Phase 1 Verification — The MCP Handshake
The first thing any MCP client does is send an initialize request. This is capability discovery — the client asks "who are you and what can you do?" before calling any tools.
Request (POST http://localhost:8002/mcp):
{
"jsonrpc": "2.0",
"id": 1,
"method": "initialize",
"params": {
"protocolVersion": "2025-03-26",
"capabilities": {
"roots": { "listChanged": true },
"sampling": {}
},
"clientInfo": {
"name": "BrunoClient",
"title": "Incident Responder Test",
"version": "1.0.0"
}
}
}
Response (200 OK):
{
"jsonrpc": "2.0",
"id": 1,
"result": {
"protocolVersion": "2025-03-26",
"capabilities": {
"experimental": {},
"prompts": { "listChanged": false },
"resources": { "subscribe": false, "listChanged": false },
"tools": { "listChanged": false }
},
"serverInfo": {
"name": "Incident Responder",
"version": "1.27.2"
}
}
}
What this exchange means
The client introduces itself and declares the protocol version it speaks. The server responds with its own identity (Incident Responder, SDK v1.27.2) and confirms it supports the same protocol version. It also advertises its capability categories: tools, prompts, and resources.

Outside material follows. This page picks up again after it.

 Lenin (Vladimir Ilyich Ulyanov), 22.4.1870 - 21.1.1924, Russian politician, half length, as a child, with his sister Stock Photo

No tools were called yet — this is purely the handshake. The client now knows what's available and can start making targeted requests.

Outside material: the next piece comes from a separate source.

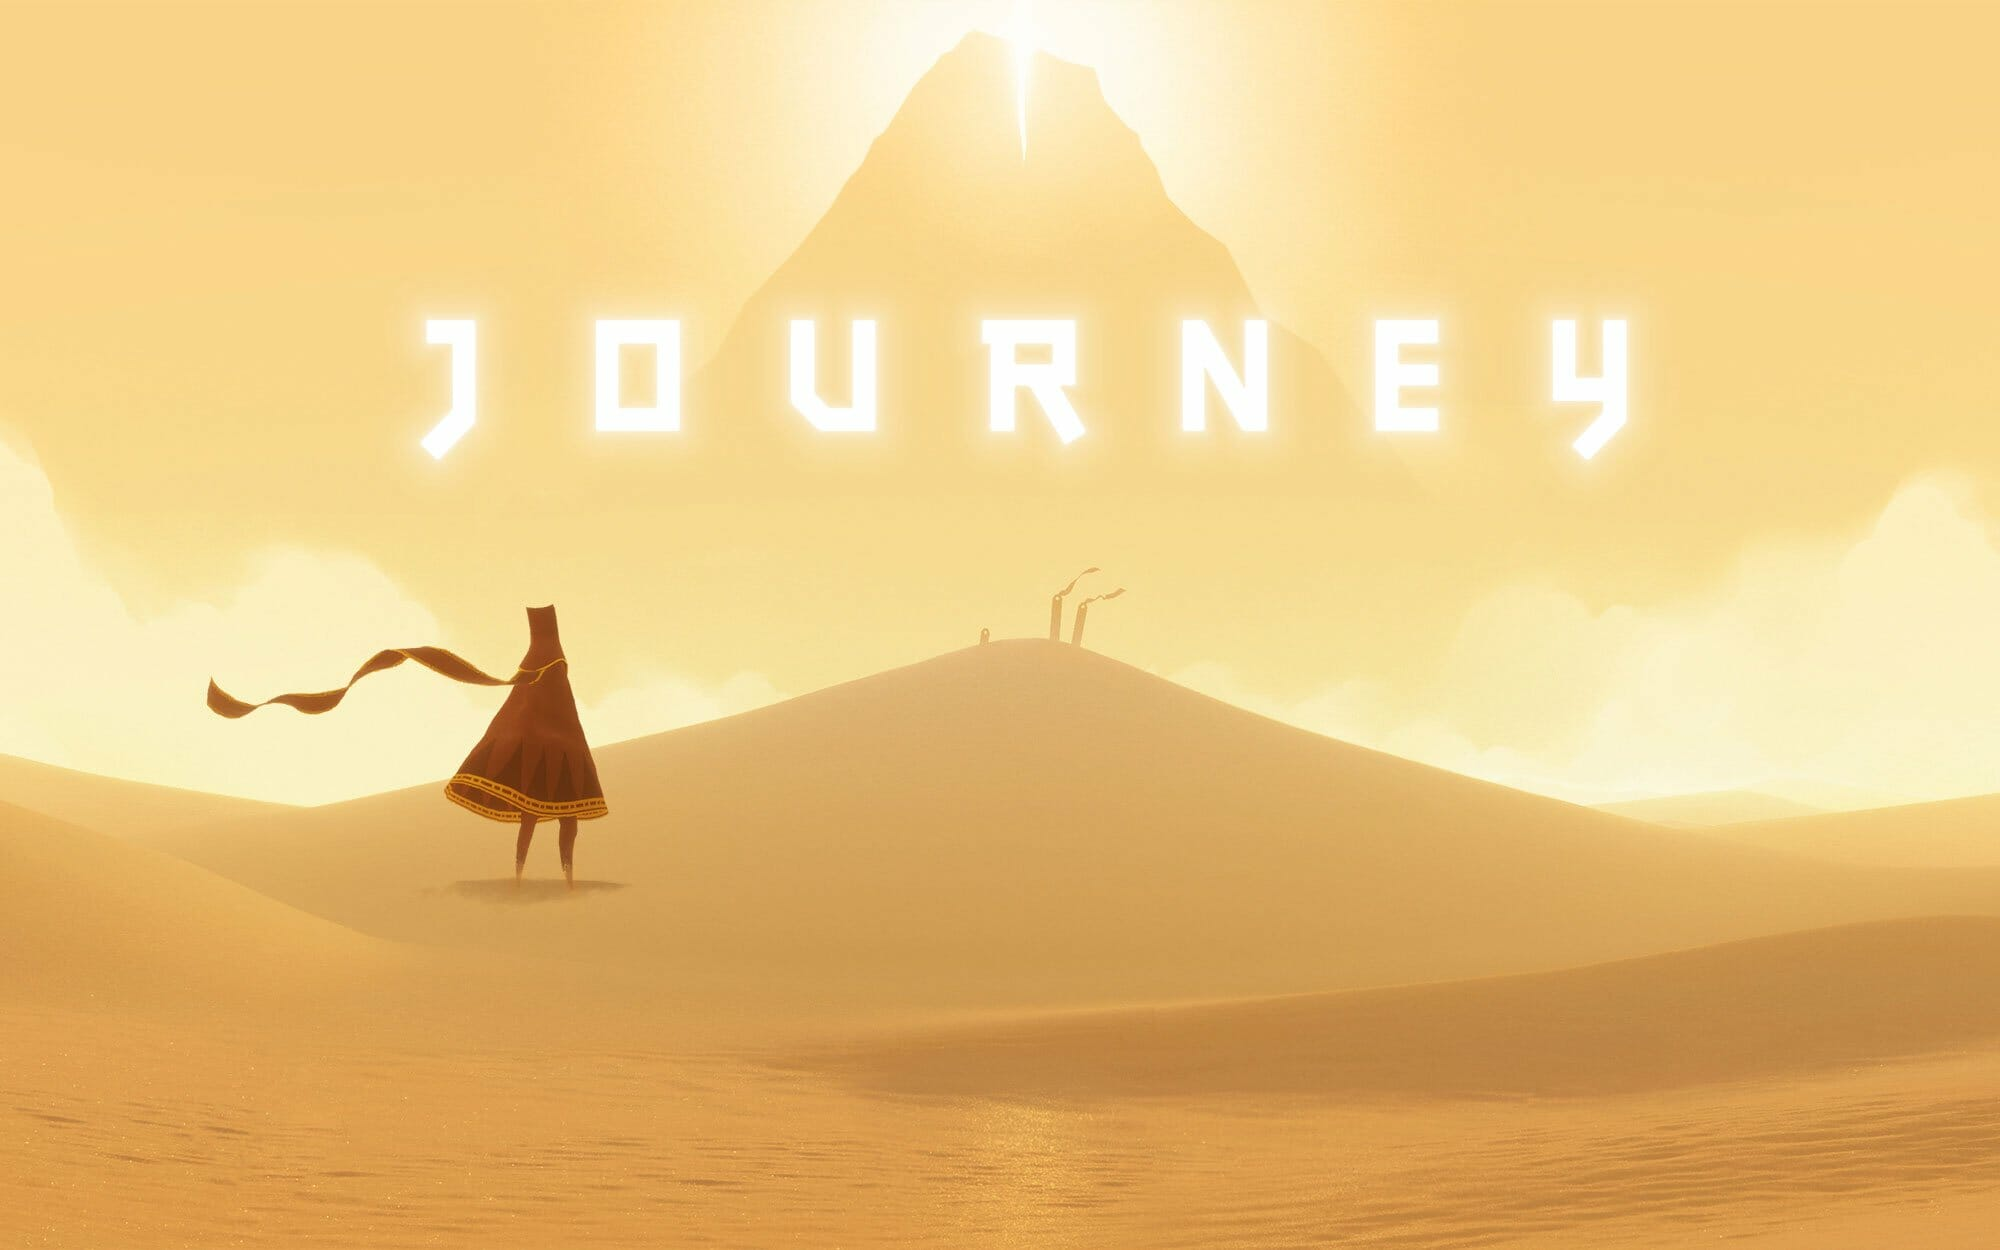 Ödüllü PlayStation oyunu 'Journey' iOS'ta mevcut 1

Phase 1 is complete. The server is running, the tools are registered, and the MCP handshake succeeds.
Phase 2 — Manual Testing with Bruno ✅
Phase 2 is about proving every part of the server works by manually firing each JSON-RPC request and reading the response. You are the brain here — you decide what to call next, read the output, and reason about it. In Phase 3, an LLM takes over that role automatically.
The 6 requests, in order
| # | Method | What it does | Result |
|---|---|---|---|
| 1 | initialize |
Handshake — discover capabilities | ✅ 200 OK |
| 2 | tools/list |
List all registered tools | ✅ 200 OK |
| 3 | tools/call → getSystemStatus |
Check live service health | ✅ 200 OK |
| 4 | tools/call → getRecentErrors |
Retrieve filtered error logs | ✅ 200 OK |
| 5 | tools/call → createTicket |
Create an incident ticket | ✅ 200 OK |
| 6 | prompts/list |
List available prompt templates | ✅ 200 OK |
Request 2 — tools/list
After the handshake, ask the server to enumerate every tool it has registered.
Request:
{
"jsonrpc": "2.0",
"id": 2,
"method": "tools/list",
"params": {}
}
Response (200 OK) — server returns all 3 tools with their input schemas so the client knows exactly what arguments each tool accepts.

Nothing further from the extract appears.